The highlighted chart in the middle shows the CPU distribution of the offending service calls. CPU was spiking and the root cause could be attributed to XML processing and subsequent XSL transformations. This is indicated by the yellow and blue bars which represent XML and XSL processing respectively. This was the reason for the CPU exhaustion noticed earlier.
However having determined the likely root cause for the slow down the PointInFact team took a step back and asked which users and documents were impacted by this.
This was very important for two reasons. First, it allowed them to be proactive with their own users who experienced slowdowns. Second, it further isolated the real problem area.
The Performance Bottleneck That Should Not Be
Now that the trigger for the slowdown was revealed, the performance team looked into the root cause. When looking at the Transaction Flow for the impacted business transactions two things stood out.
One can see that most of the response time is spent in the document request service (lower right corner). In addition, they knew from the previous dashboard that the Application tier consumed a lot of CPU in the XML/XSLT processing. The conclusion to the performance team was clear, Caching did not work!
To understand this, we need to know that the document requests and subsequent transformations should only happen once per document. After that, all follow-up requests should take the result from the Cache. PointInFact is leveraging the memcached-compliant AWS ElastiCache for this purpose. What the analysis revealed was that the same document was transformed many times, hence caching was not working!

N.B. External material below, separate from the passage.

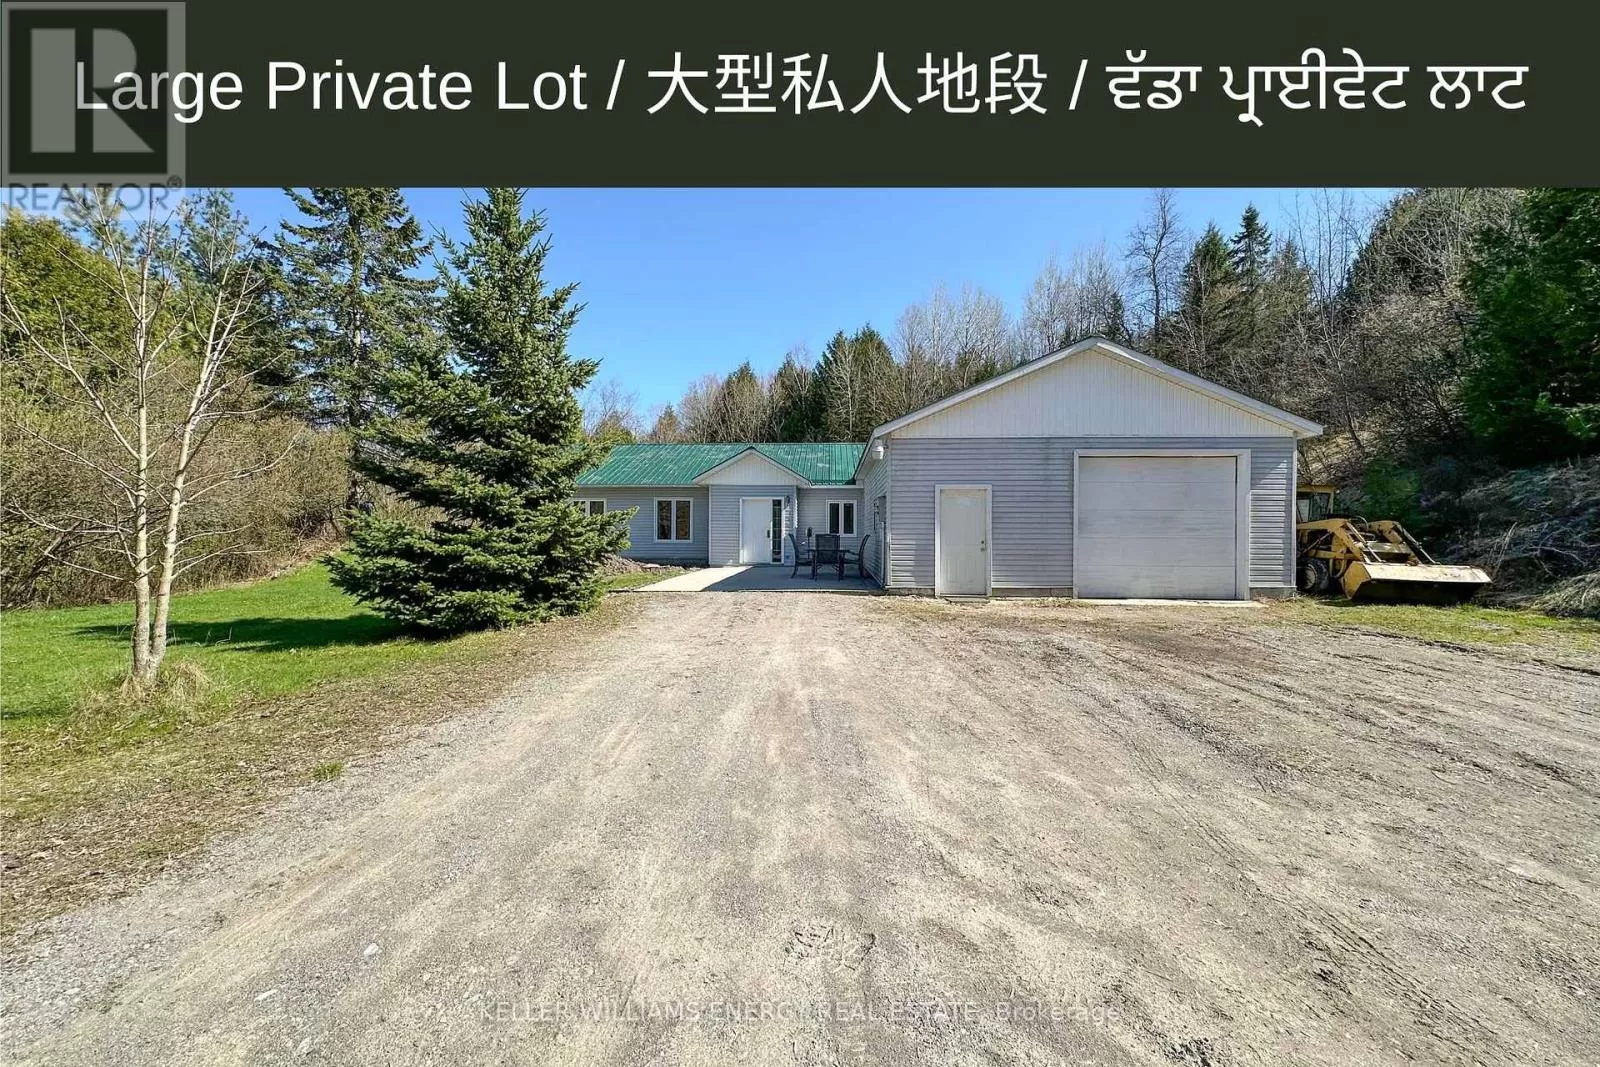 House for rent: 314 County Rd 30, Brighton, Ontario K0K 1H0

The obvious conclusion was that there was a problem with ElastiCache. As this was a third-party component, the customer needed more information before approaching Amazon with support requests. Thanks to their APM strategy they had sufficient insight into their usage of ElastiCache in production. This turned out to be very good, because otherwise opening a support ticket for ElastiCache would not only have been time consuming, it would have also been futile as we shall see!

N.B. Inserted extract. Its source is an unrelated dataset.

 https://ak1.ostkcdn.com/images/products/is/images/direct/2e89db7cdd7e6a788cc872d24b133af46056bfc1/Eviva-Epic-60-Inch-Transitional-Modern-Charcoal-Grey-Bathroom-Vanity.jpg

Do or Do Not Cache, There Is No Try…
In an attempt to get more information about the caching problem, the customer identified the real root cause. While each of the offending document requests was doing a cache lookup upfront, none of them put the result in the cache afterwards! There was no problem with the cache; it simply was not being used!
At this point, the development team started looking into it at the code level and could identify a problem with the cache client library that they were using. That cache client was also a third-party component, but now they had something tangible to share with the maintainers of the cache client. Long story short, the problem was fixed upstream and one deployment later the problem was solved to everybody’s satisfaction.

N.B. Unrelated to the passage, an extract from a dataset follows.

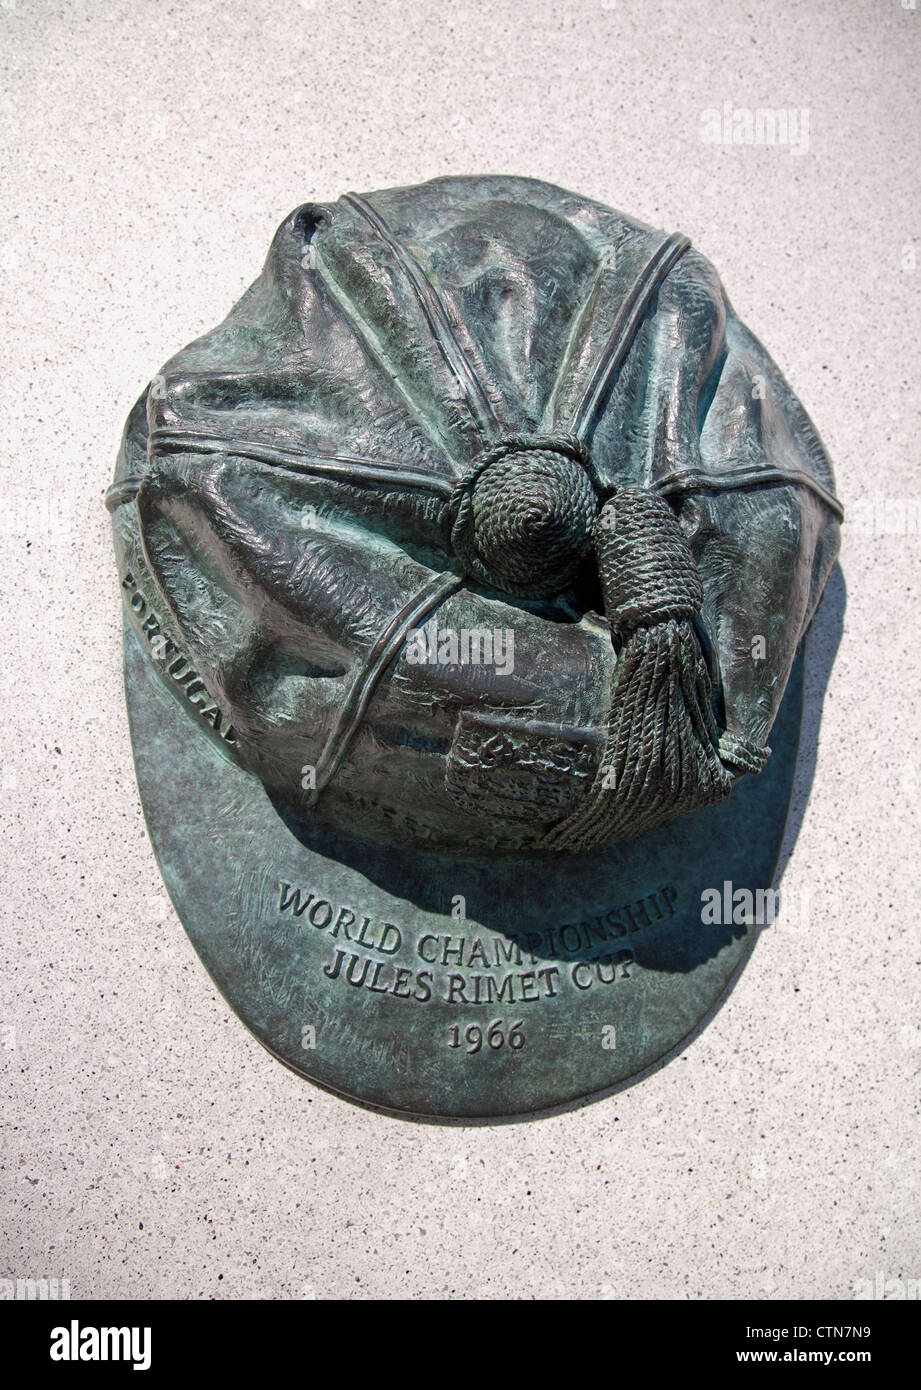 'World Championship, Jules Rimet Cup 1966' hat sculpture on the side of the Bobby Moore statue beneath Wembley Stadium Arch. Stock Photo

To me, this story shows the true power of continuous holistic APM approach in a cloud-based environment.
- The customer was able identify a problem in production which had a big end-user impact, although the average transaction was still considered fast.
- The operations team could identify exactly which users were impacted and be proactive in their customer support.
- More importantly the R&D team was able to identify the real root cause in one third-party component while avoiding a lengthy back and forth with another third-party vendor (Amazon ElastiCache) which would have been futile.
Finally, PointInFact was able to track down the root cause with sufficient depth to provide the responsible third party with a fix proposal, giving them a faster turnaround time on a permanent solution. And all of this in a public globally distributed multi-tenant cloud application!